Lauren Cara Michels
Ik glimlachte zwakjes toen Max niet doorvroeg. Ik was blij dat hij dat deed. Hoewel ik soms graag met iemand over mijn moeders dood wilde praten, wilde ik geen medelijden. Ik had niet het idee dat ik met iemand erover kon praten. In de vakantie probeerde ik altijd vrolijk te doen. Niemand zag mij het hele jaar door en een beste vriendin had ik niet echt. Ivy kwam aardig in de buurt, maar na zes weken vertrok zij weer. Heel goed contact hadden we dan niet. Ieder had zijn eigen levens. Bovendien leefde Ivy aan de andere kant van de wereld. Ik had geen beste vriendin. In de wildernis leefde haast niemand, behalve de boswachter en een paar boerengezinnen, maar die boerderijen lagen zo'n drie kilometer verder op. Net zoals het dichtstbijzijnde dorpje. Het klonk armmoedig en als je erover nadacht was dat het ook. Maar toch stelde het bos me gerust. Mijn vader had het naar zijn zin.

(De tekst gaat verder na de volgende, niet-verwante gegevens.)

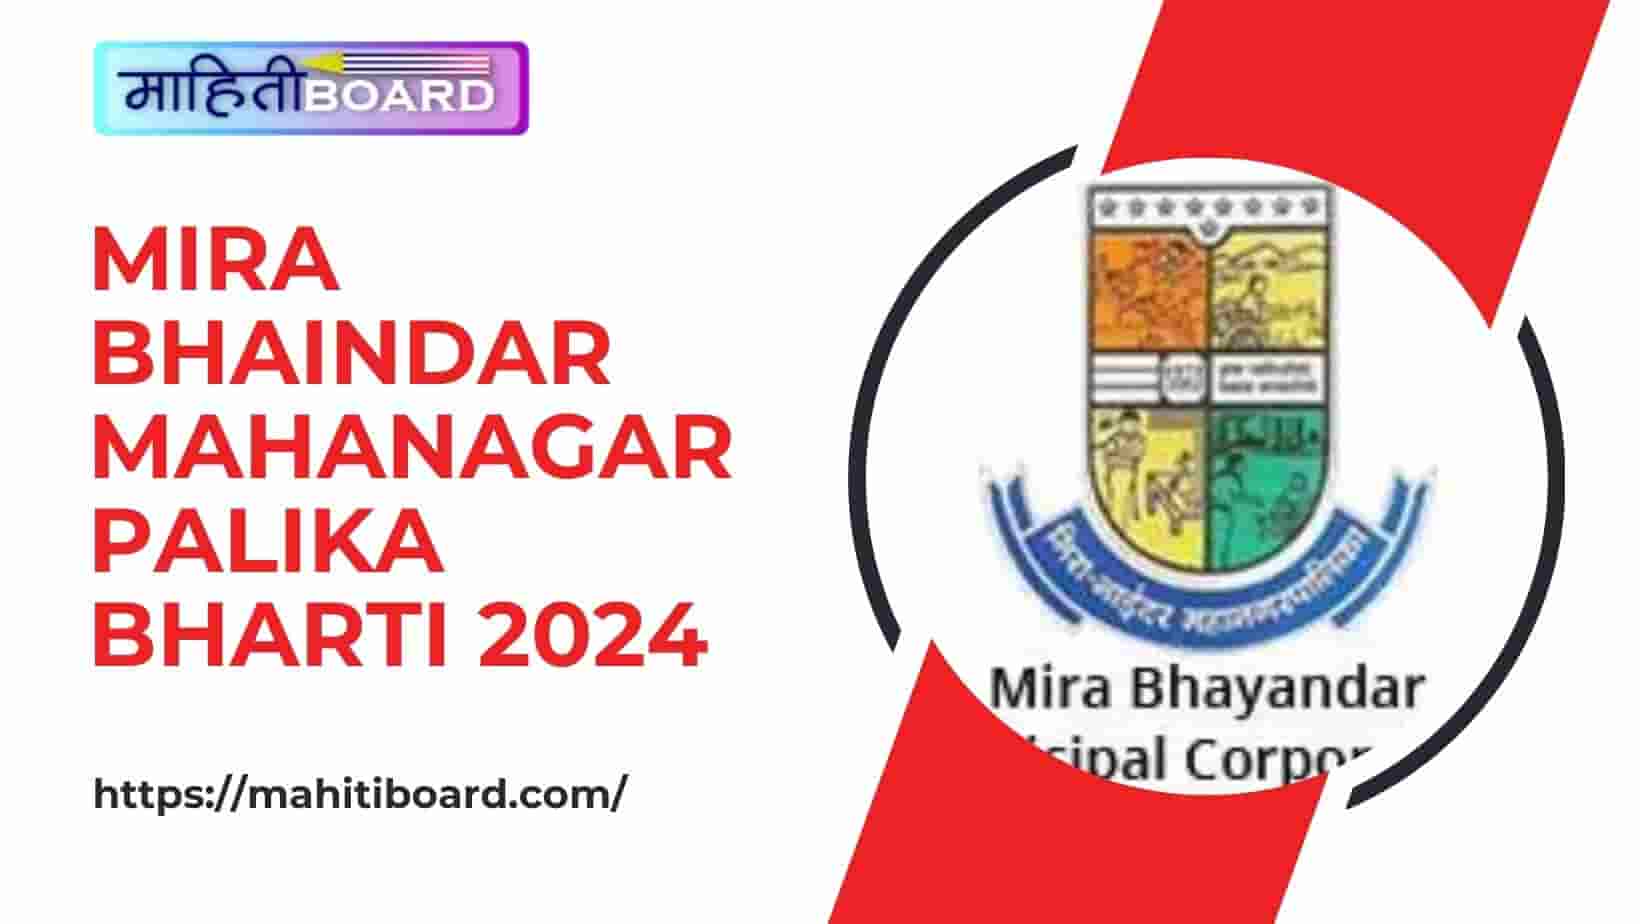 Mira Bhaindar Mahanagarpalika Bharti 2024

Hij had afleiding en een nieuwe start gemaakt, ik deed het wel een beetje voor hem. Hij was degene met wie ik wilde praten over mama, maar hij was te druk om daar echt een geschikt moment voor te vinden. Zijn verdriet verborg hij in het werk. Na het werk hadden we niet veel tijd om echt te praten, aangezien mijn vader zich zorgen maakte in Jona, die s'nachts nachtmerries had. En hoewel het misschien niet zo was, voelde ik me vaak alleen. Jona ging voor, hij was jonger en leek beschadigder dan mij. Ik wilde er voor hem zijn en voor mijn vader, maar het was moeilijk. In de familie was ik degene die mijn moeders rol had overgenomen. De was, koken, schoonmaken. Ik deed het allemaal. Gelukkig had de schoonmaakster de taak van het schoonmaken gekregen, maar alsnog. Ik voelde me soms de nieuwe moeder in het gezin. Degene die mijn vader erop wees dat hij tijd moest nemen om te ontbijten, degene die Jona vroeg hoe het met hem ging en degene die de familie zo blij mogelijk wilde zien. En hoewel ik niet vergeten was, was ik wel moe en kropte de gevoelens zich op. Mijn vader wilde ik er liever niet mee lastig vallen, al verlangde ik wel een beetje naar zijn troostende woorden en naar armen waar ik uit kon huilen. Alleen was dit de slechte tijd. Het was zomer, te druk voor familiegedoe. En ook al dacht ik zo, mijn vader zou gelijk vrij nemen als hij me zou zien huilen. Alleen wist hij het niet. Hij wist niet hoe ik eraan onderdoor ging, dat was mijn geheim.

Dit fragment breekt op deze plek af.